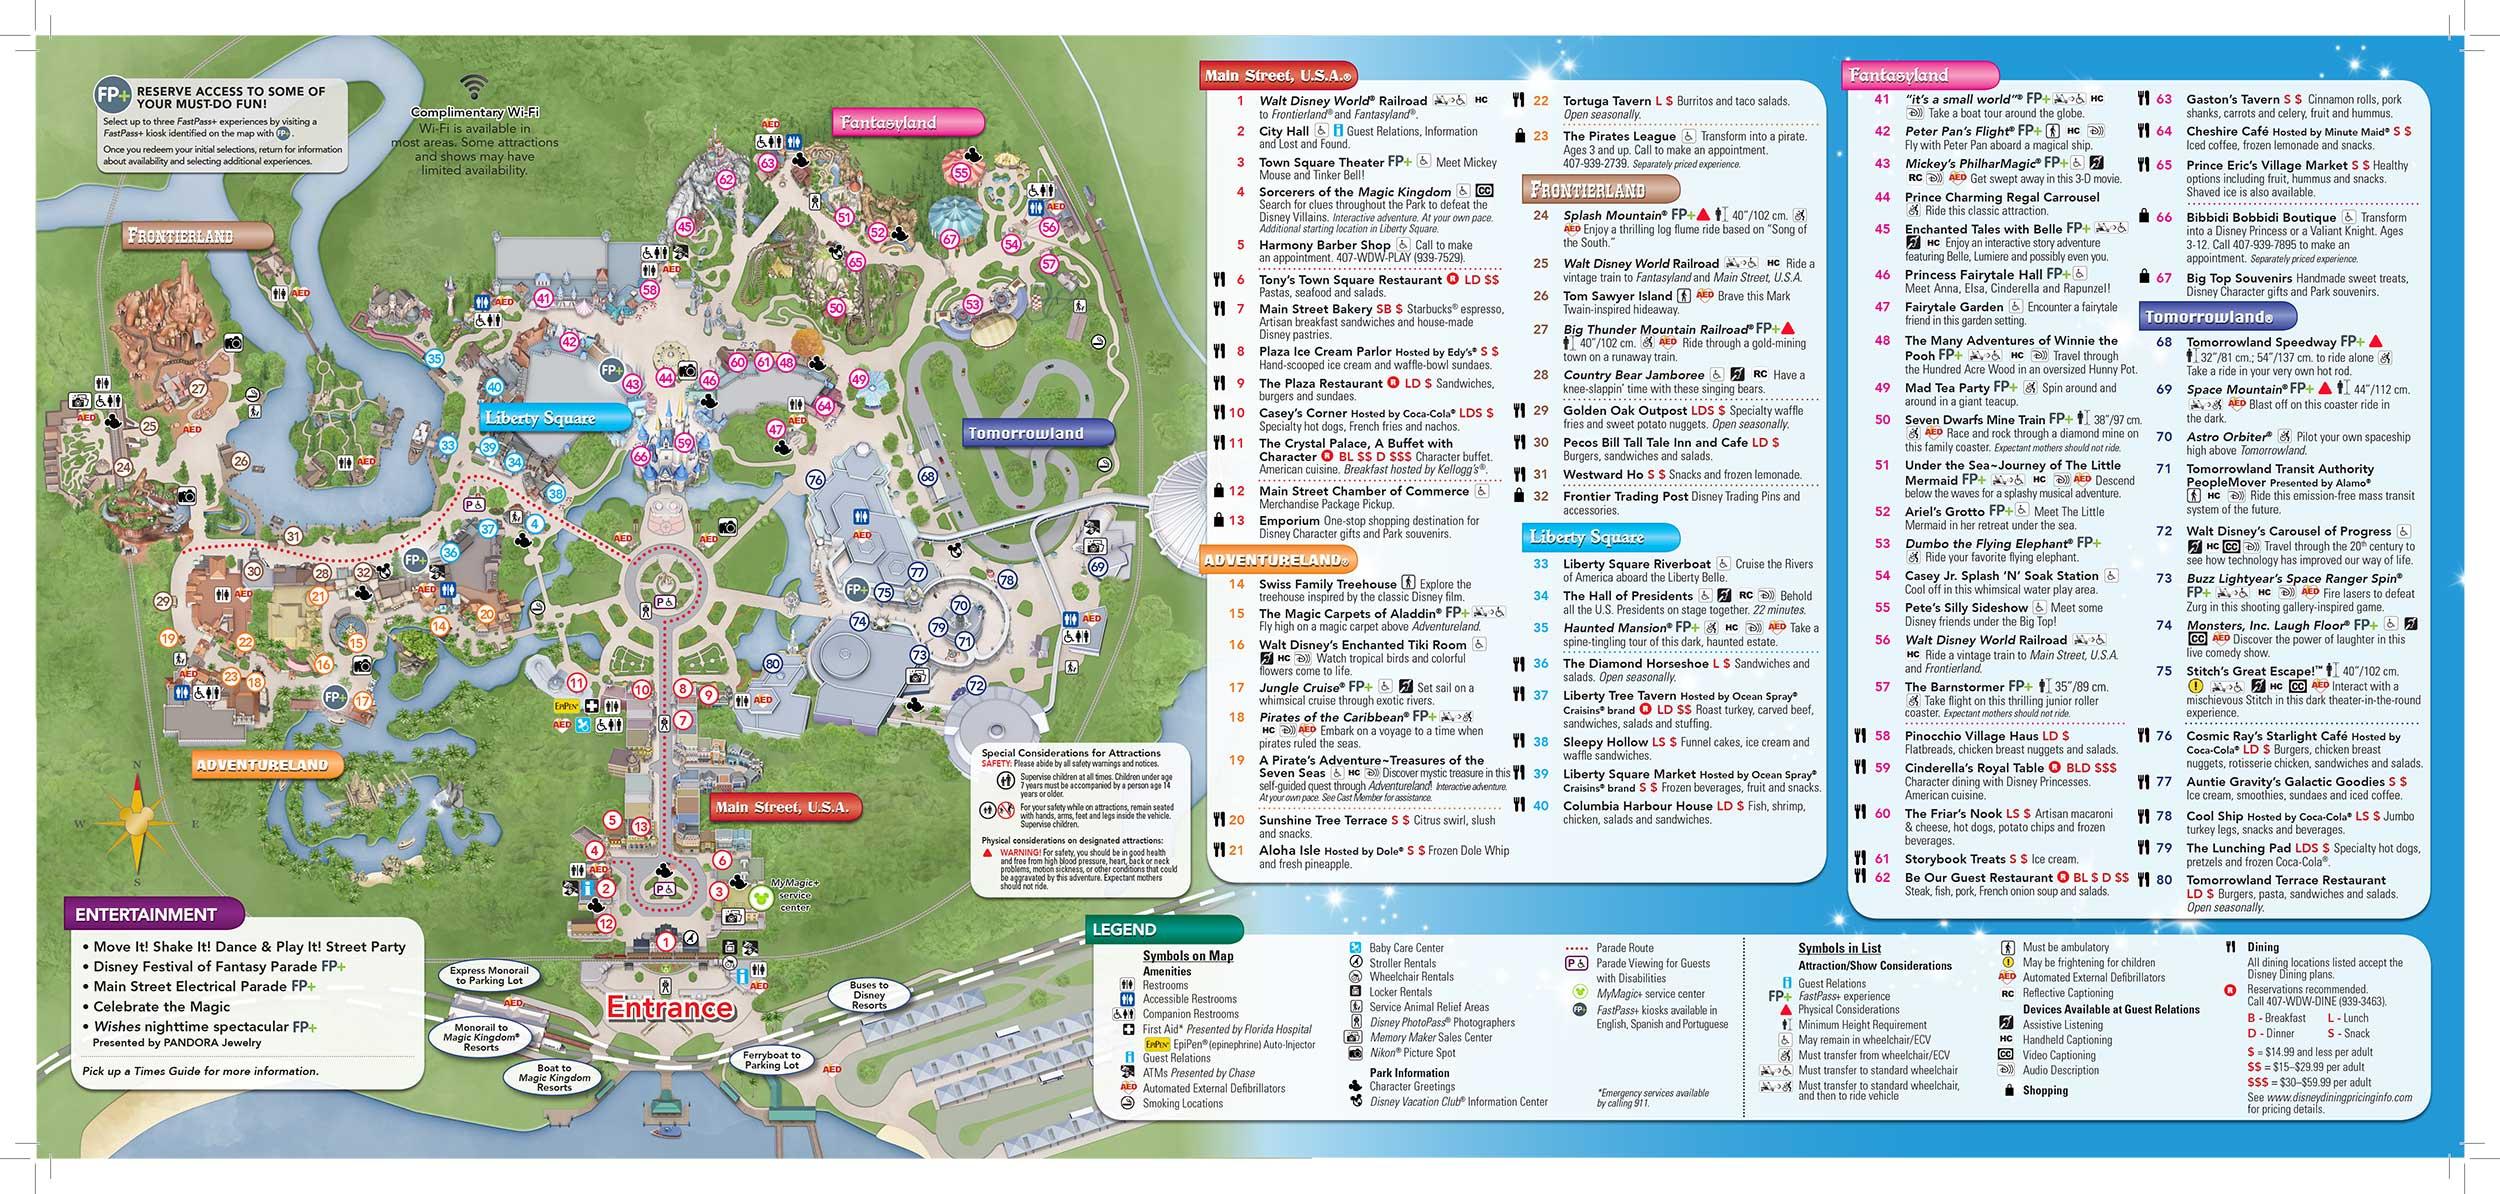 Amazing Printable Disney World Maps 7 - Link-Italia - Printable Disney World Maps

* * *

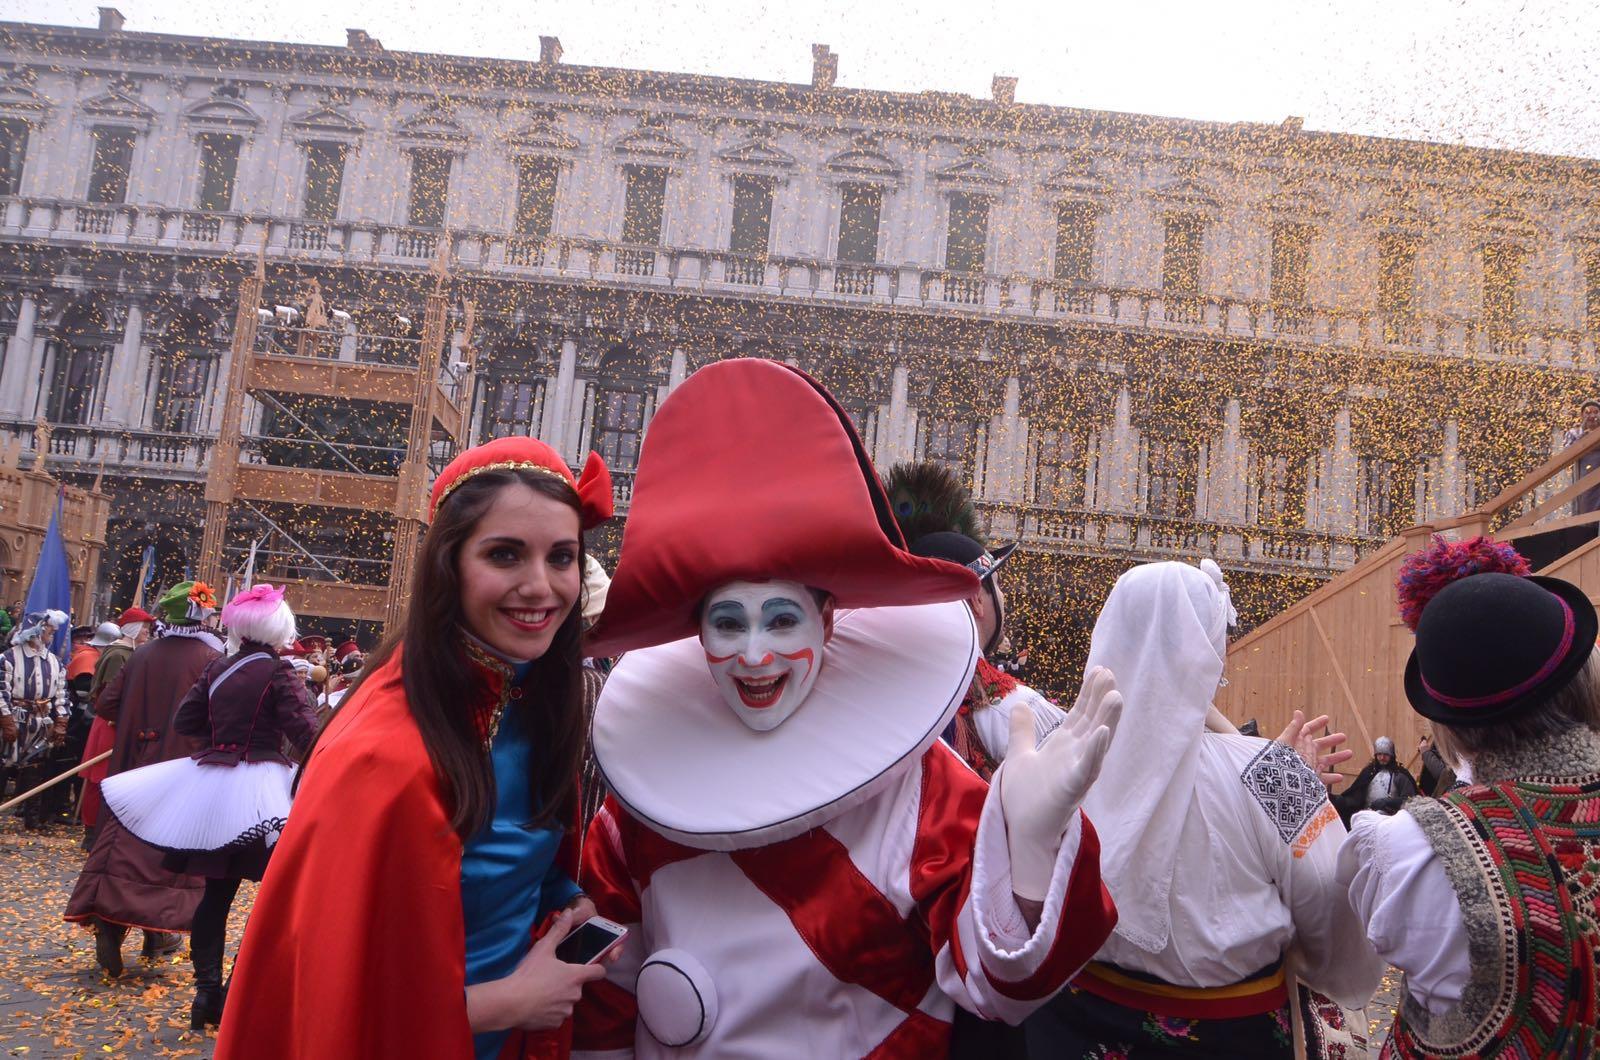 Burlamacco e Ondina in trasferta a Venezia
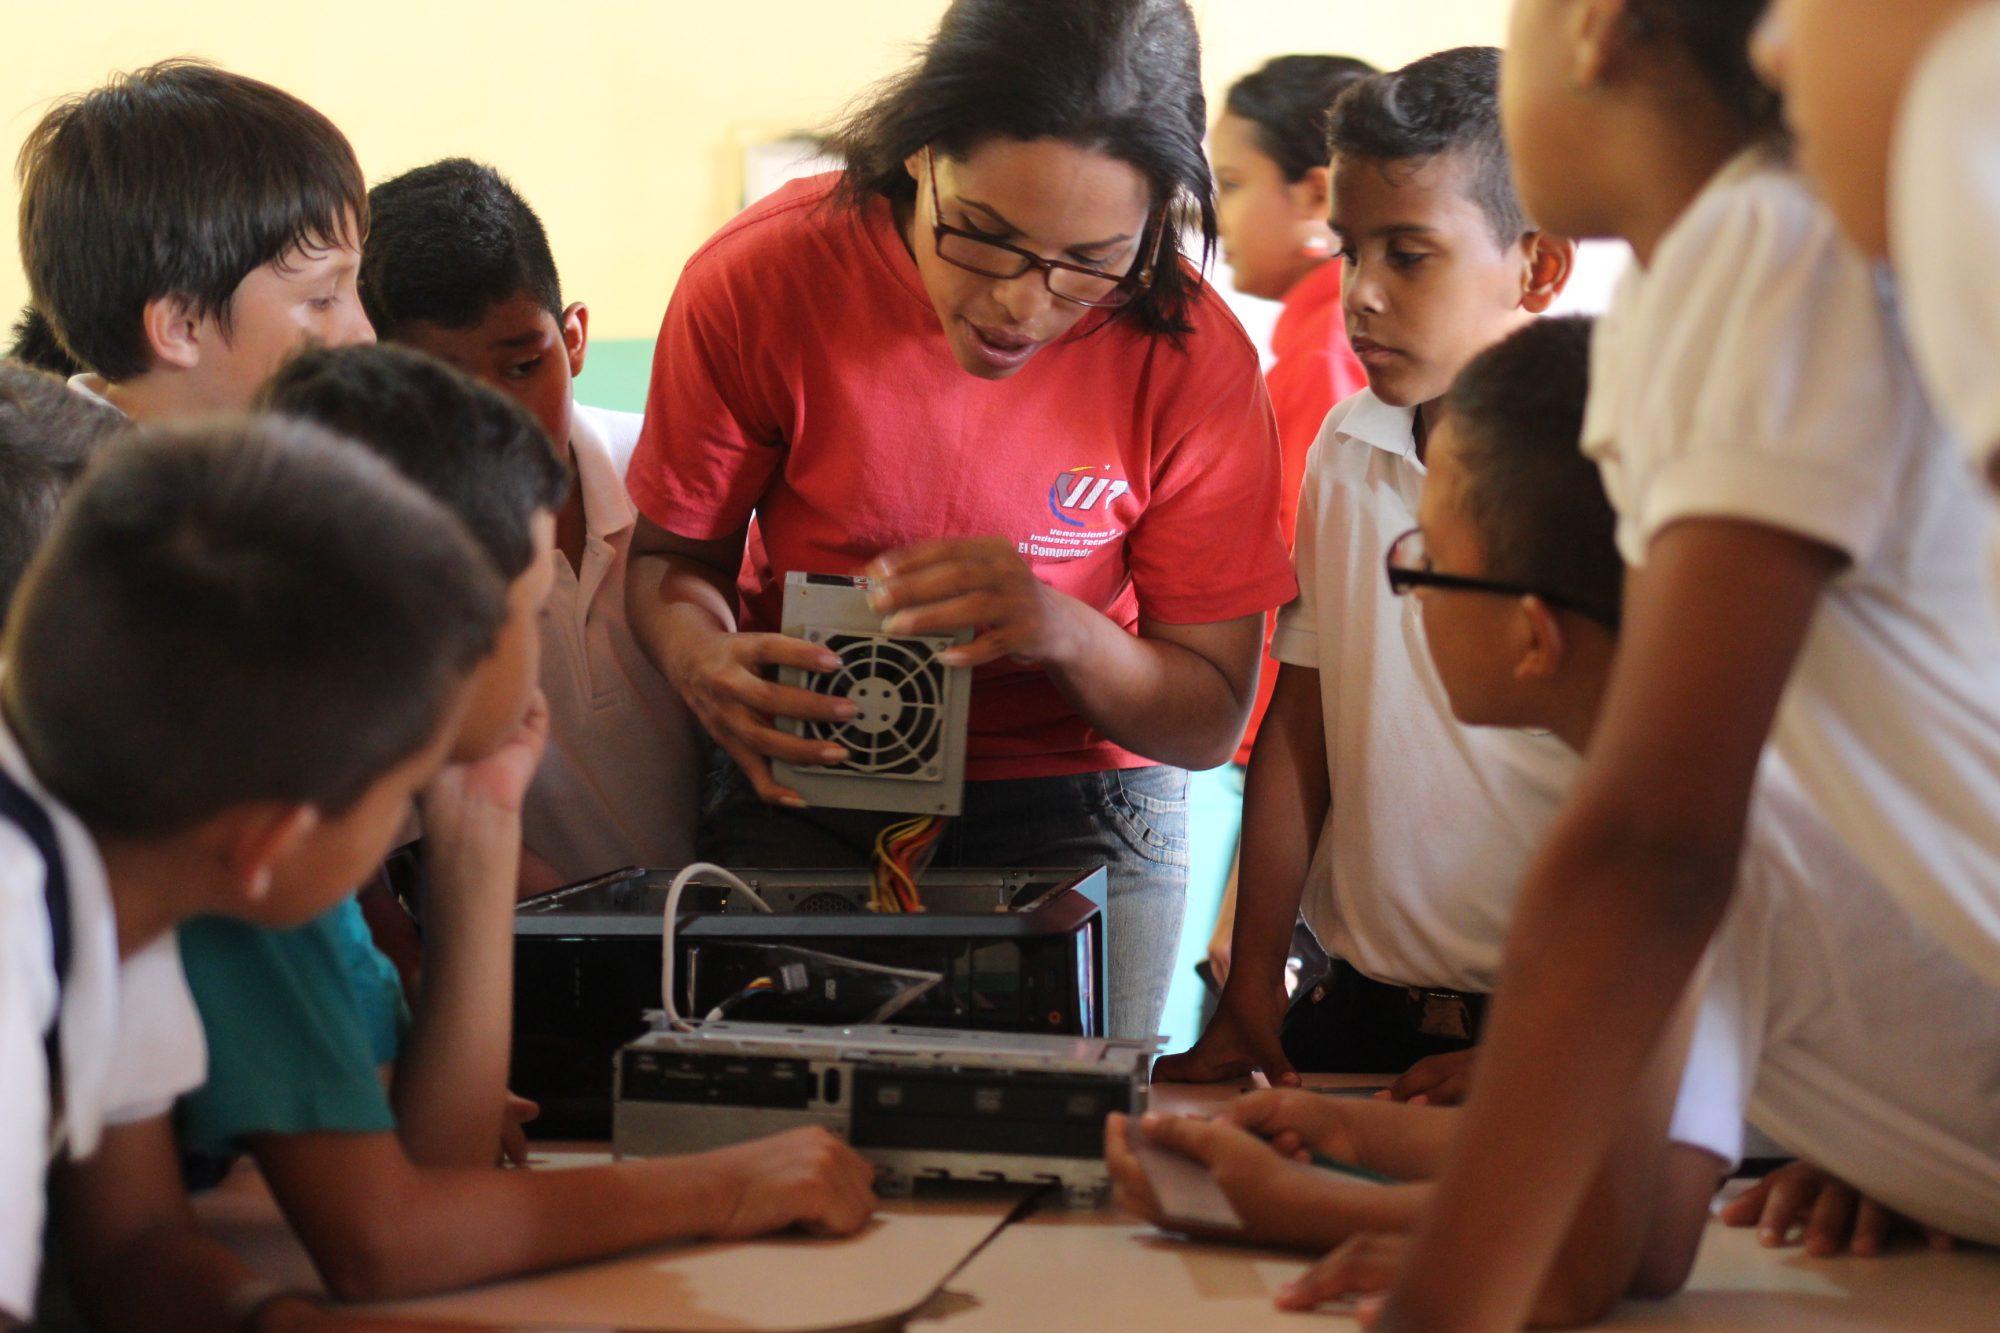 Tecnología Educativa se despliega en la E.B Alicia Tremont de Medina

---

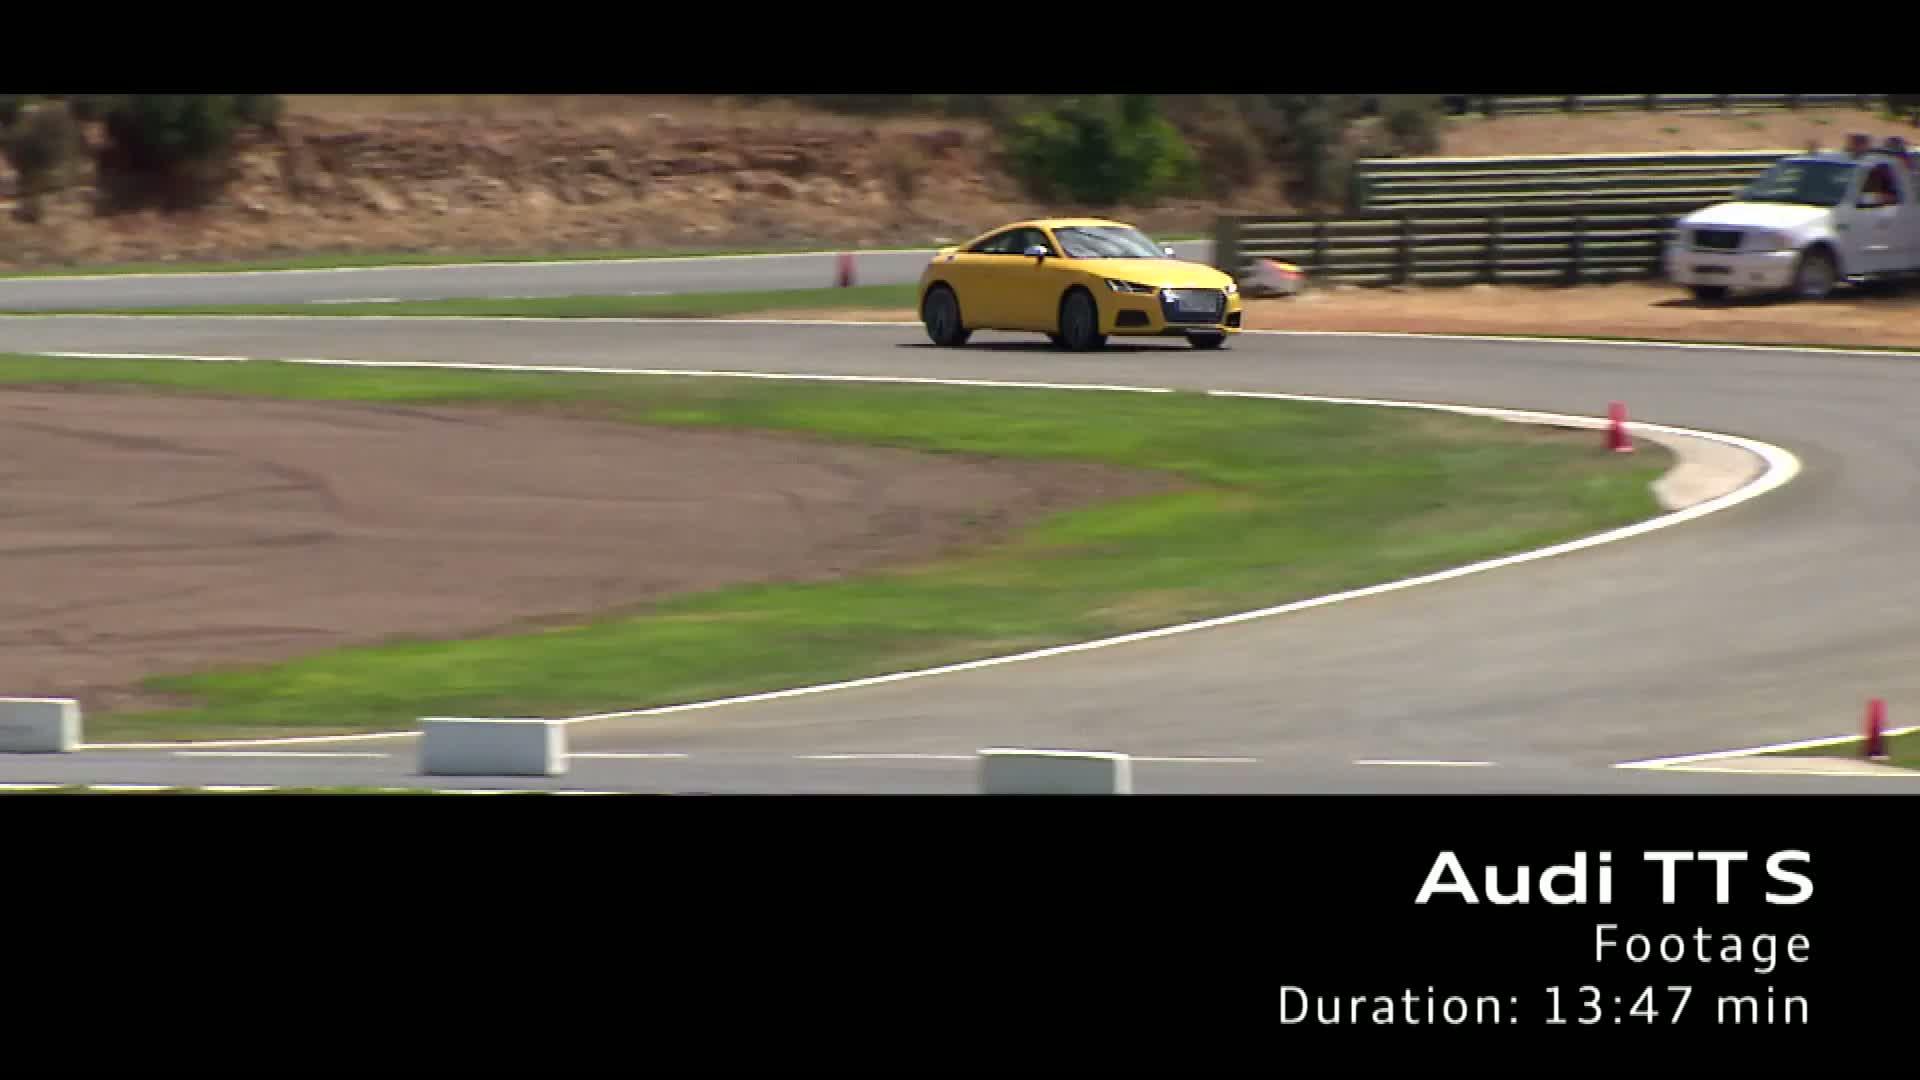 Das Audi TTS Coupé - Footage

- _Task prompt_: Extract from the material above the stretch running from the line containing "Burlamacco e Ondina in trasferta a Venezia" through the line containing "Tecnología Educativa se". Keep the text exact and the pictures out.

- _Result_:
 Burlamacco e Ondina in trasferta a Venezia
 Tecnología Educativa se despliega en la E.B Alicia Tremont de Medina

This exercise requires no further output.